Établissement : Université Paris-Saclay GS Santé et médicaments
École doctorale : Innovation thérapeutique : du fondamental à l'appliqué
Laboratoire de recherche : Inflammation, Microbiome, Immunosurveillance
Direction de la thèse : Saadia KERDINE-RÖMER ORCID 000000033313952X
Début de la thèse : 2026-10-01
Date limite de candidature : 2026-04-22T23:59:59

La dermatite allergique de contact (DAC) est une pathologie inflammatoire cutanée fréquente, résultant de l'exposition à des molécules chimiques sensibilisantes (CS). Les kératinocytes (KC), cellules majoritaires de l'épiderme, constituent la première ligne de défense face à ces agressions environnementales.
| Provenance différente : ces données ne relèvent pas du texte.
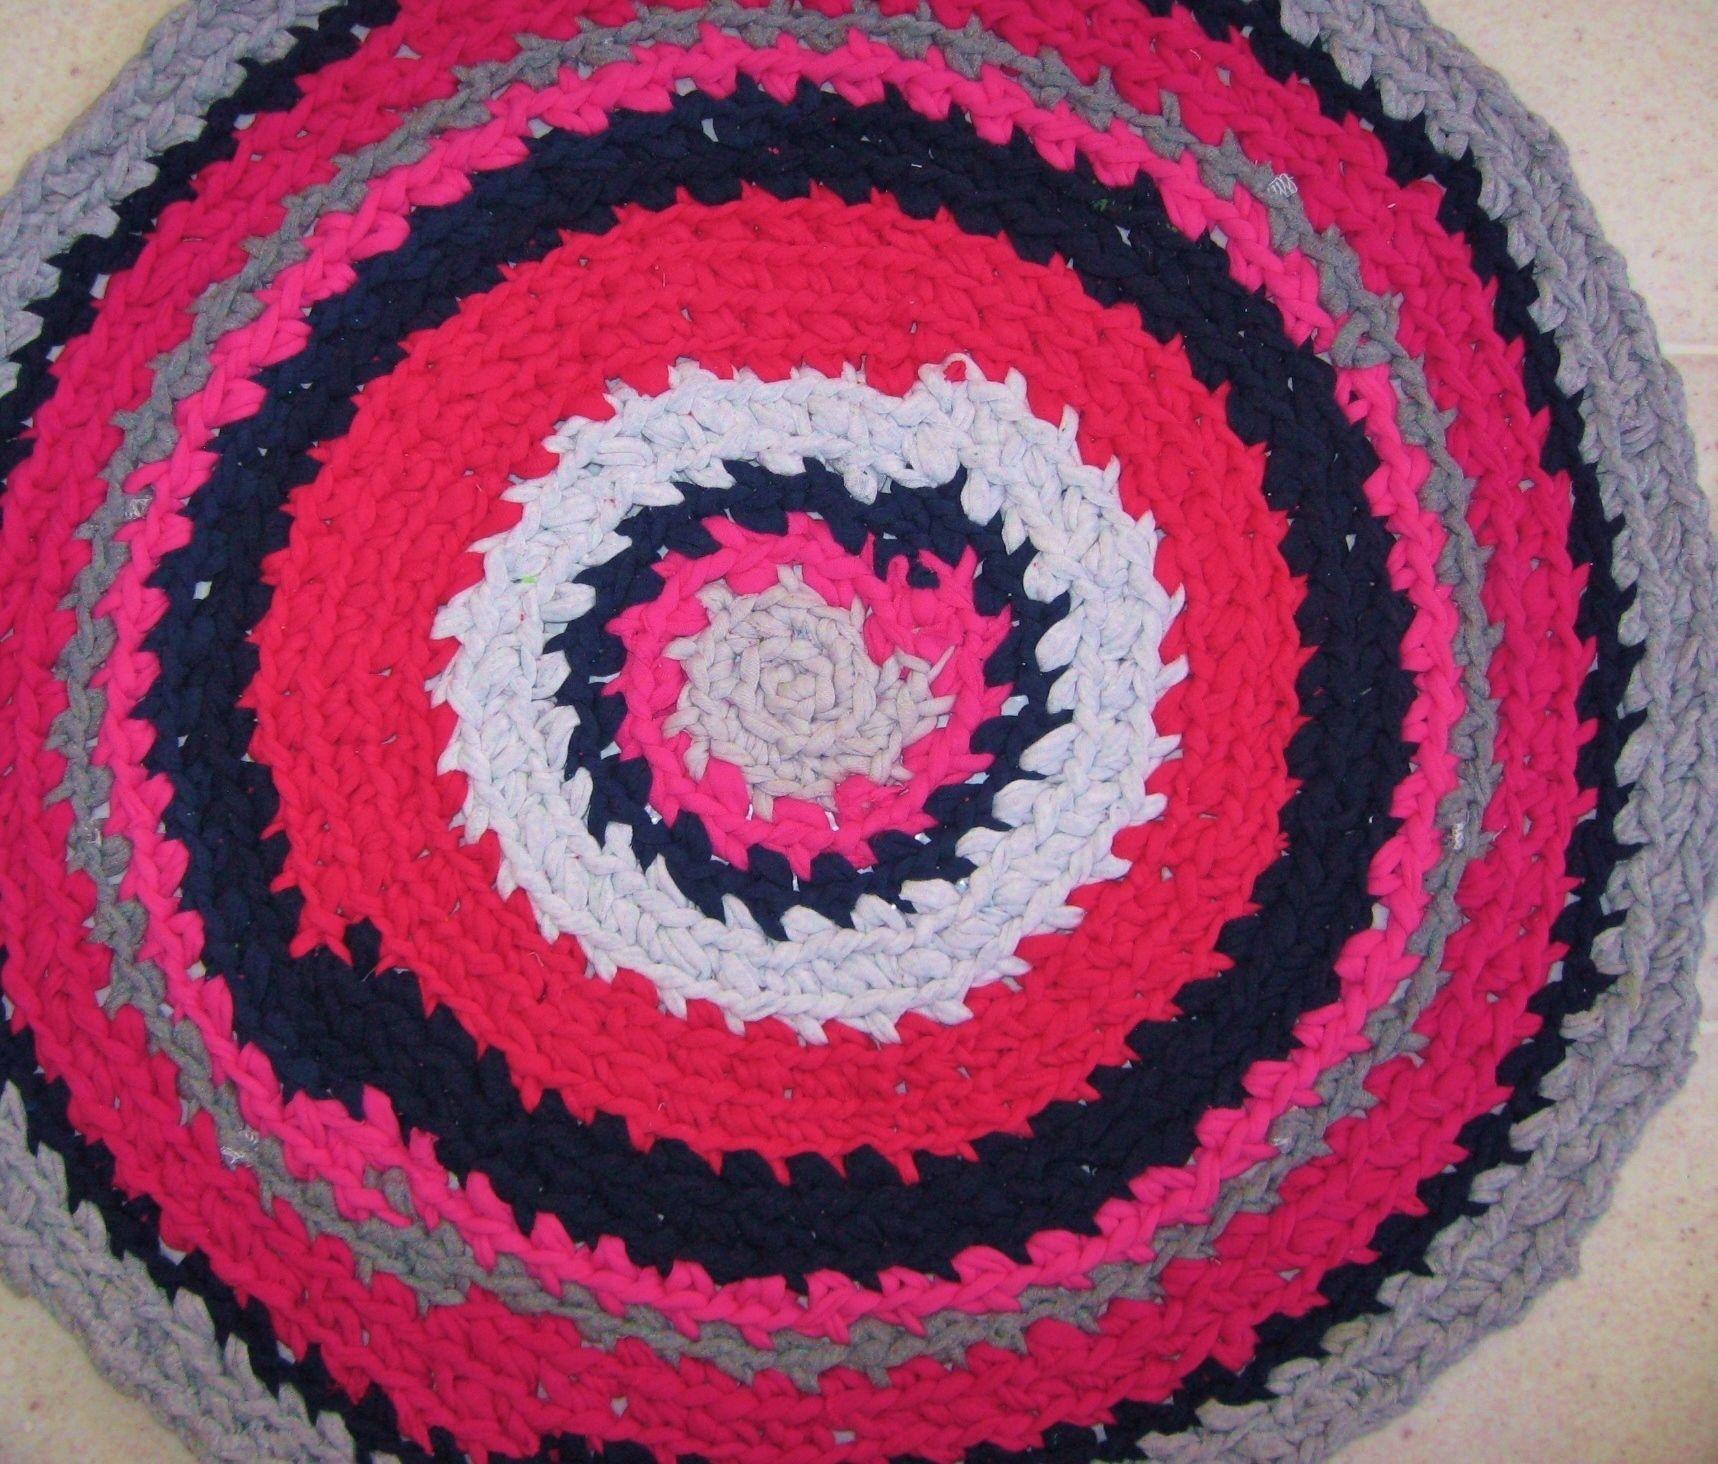 Recycled T Shirt Yarn Crocheted Rug

Loin d'être de simples cellules structurales, les KC sont immunocompétents et capables de produire, de moduler et d'intégrer des signaux inflammatoires, contribuant ainsi à la régulation de l'immunité cutanée et à la composition du microenvironnement local. Ils jouent donc un rôle déterminant dans l'initiation et l'amplification des réponses immunitaires. L'émergence du concept d'immunométabolisme a profondément renouvelé la compréhension des réponses inflammatoires, en mettant en évidence des reprogrammations métaboliques majeures associées à l'activation immunitaire. Au-delà de leur fonction bioénergétique, les mitochondries apparaissent aujourd'hui comme des plateformes centrales de signalisation, capables de moduler les voies inflammatoires via le contrôle des états métaboliques et la production d'espèces réactives de l'oxygène mitochondriales (mtROS). Cependant, lorsque les mécanismes de contrôle de la qualité mitochondriale sont dépassés, un dysfonctionnement mitochondrial peut survenir. La libération de composants mitochondriaux, tels que les mtROS ou divers métabolites, peut alors agir comme des motifs moléculaires associés aux dommages (mtDAMPs), favorisant l'activation de réponses inflammatoires. Des travaux préliminaires de notre équipe, ainsi que plusieurs études récentes, suggèrent un lien étroit entre le dysfonctionnement mitochondrial, les réarrangements métaboliques et l'acquisition d'un phénotype pro-inflammatoire chez les KC exposés aux CS.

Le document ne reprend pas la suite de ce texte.